Saturday, September 29, 2018

Adaptive Red Teaming: Protecting Across the Spectrum


Authors: John P. Sullivan and Adam Elkus
Publication: Red Team Journal
Date: July 2010

In a 2010 article in the Red Team Journal, John Sullivan and Adam Elkus outline their view on a style of red teaming they refer to as Adaptive and Analytic red teaming.

The authors first discuss the foundations of red teaming. They cite Schelling, who believes that red teaming is an approach to combat the “poverty of expectations” where “the danger is not that we shall read the signals and indicators with too little skill; the danger is in a poverty of expectations – a routine obsession with a few dangers that may be familiar rather than likely.”
Adaptive red teaming, the authors say, “involves an iterative range of analytical and physical approaches to understanding an adversary.” The authors suggest that these new methods for red teaming are valuable for conducting analysis on counterterrorism, counterinsurgency, and counterviolence.
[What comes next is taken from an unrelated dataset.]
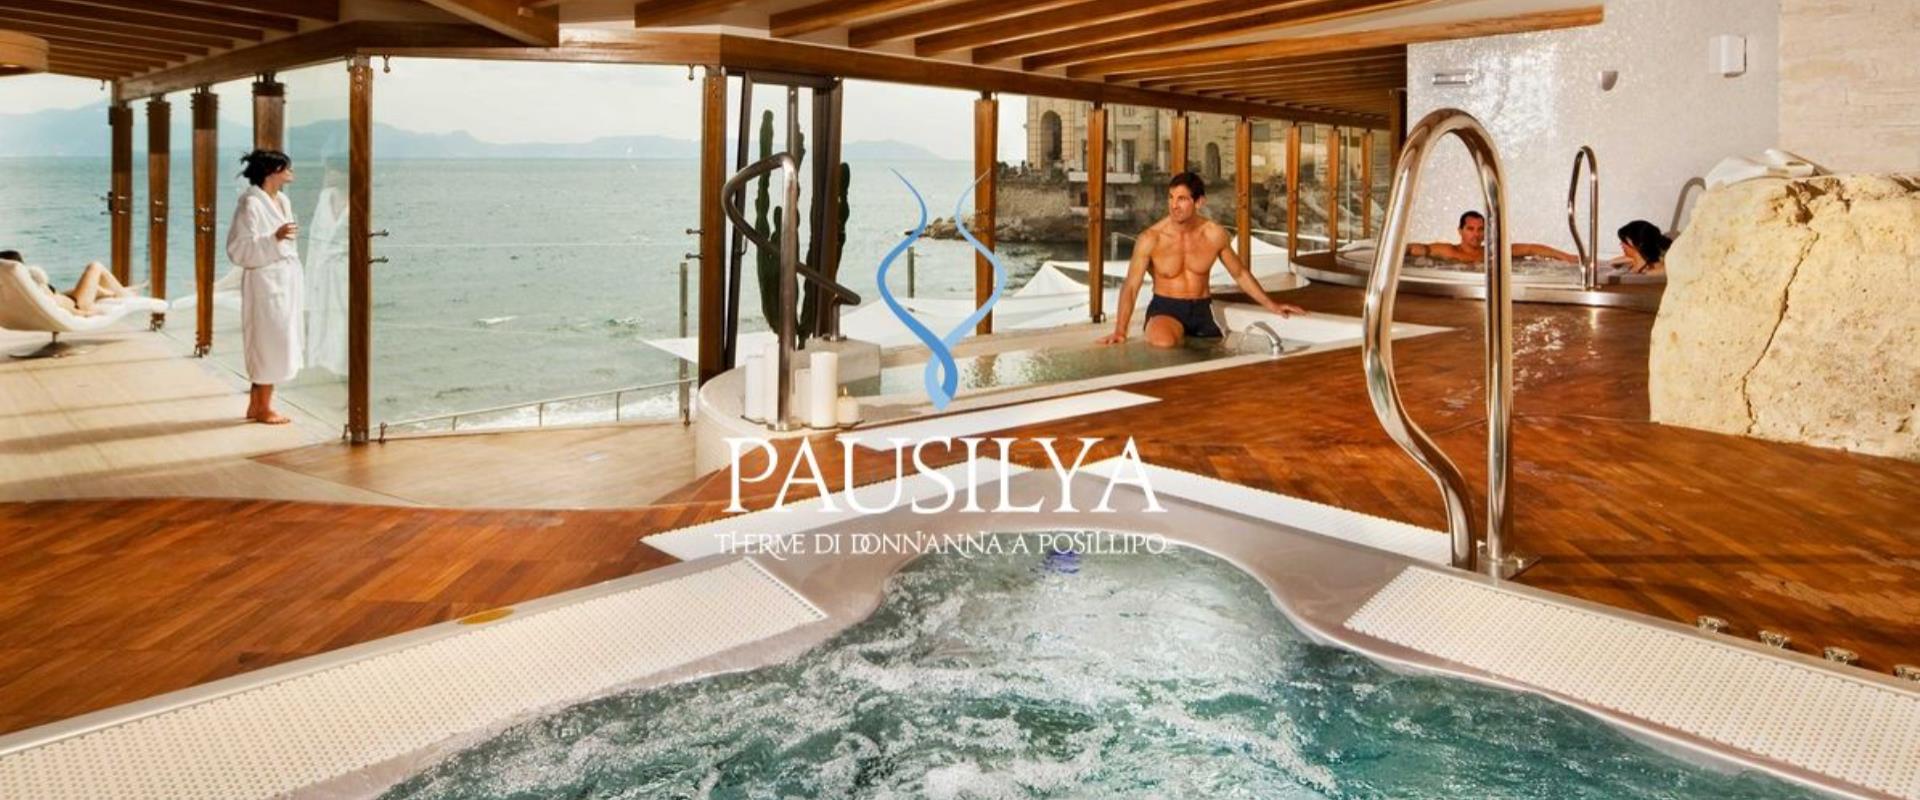 Scopri il centro SPA Pausilya convenzionato con l'Hotel Paradiso: qualsiasi trattamento per il benessere del tuo corpo!

The authors furthermore state that analytic red teaming is an approach to thinking in an adversarial manner, in this case a terrorist or opposing force (OPFOR). The idea behind analytic red teaming is to get an “enhanced understanding of the groups particular driving factors strategic goals, leadership and decision-making dynamics and processes, operational capabilities and rationales, organizational dynamics and behaviors, adaptive capacities, etc. and their corollary and derivative operations.” Put simply, the goal is to understand the specified adversary’s “mindset” (ideology, strategic agenda, leadership) and the adversary operational behaviors (capabilities, modus operandi, targeting preferences).
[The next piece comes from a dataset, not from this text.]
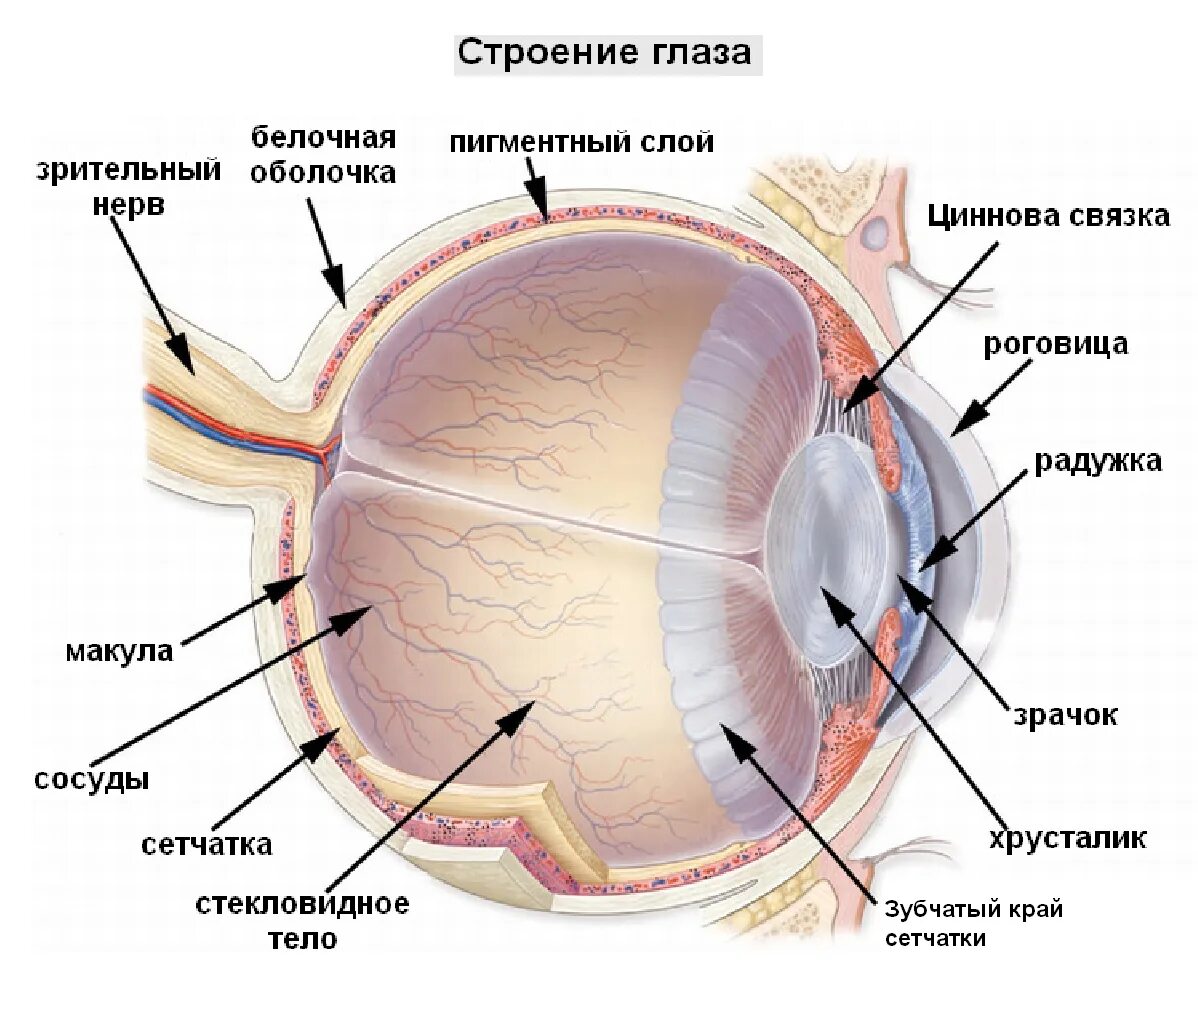 Глаз человека имеет оболочек. Сетчатка оболочка глаза. Строение глаза послойно. Строение глазного яблока и сетчатки. Структура глазного яблока схема.

The premise for the article rests on the idea that there is a larger spectrum of threats through which to use red teaming than just Islamic terrorism, which has drawn a majority of the focus of military, intelligence, and law enforcement organizations. Sullivan and Elkus believe that there are a variety of threats that are potential risks to public safety. While the authors mention some specific examples, they use the title “black blocs” as a catch-all concept for such anarchic or potentially violent groups. To protect against such groups, Sullivan and Elkus argue new the concepts kill chain, order of battle, and Design can enhance analytic red teaming in practice.

The authors describe the kill chain model as “the process of assembling weapons and personnel in place, conducting reconnaissance and dry runs, and then carrying out the act itself.” Sullivan and Elkus argue that by following the adversary’s necessary courses of action and tools required through a series of decision trees, with branches of tasks and subtasks, kill chain can produce data (of trends and potential) that can be used to test the adversary’s capabilities. The authors use an example of a black bloc to highlight the use of kill chain. The authors suggest that kill chain is an additional method that can highlight indicators of attack and vulnerabilities in an adversary’s command and control, by applying different network types.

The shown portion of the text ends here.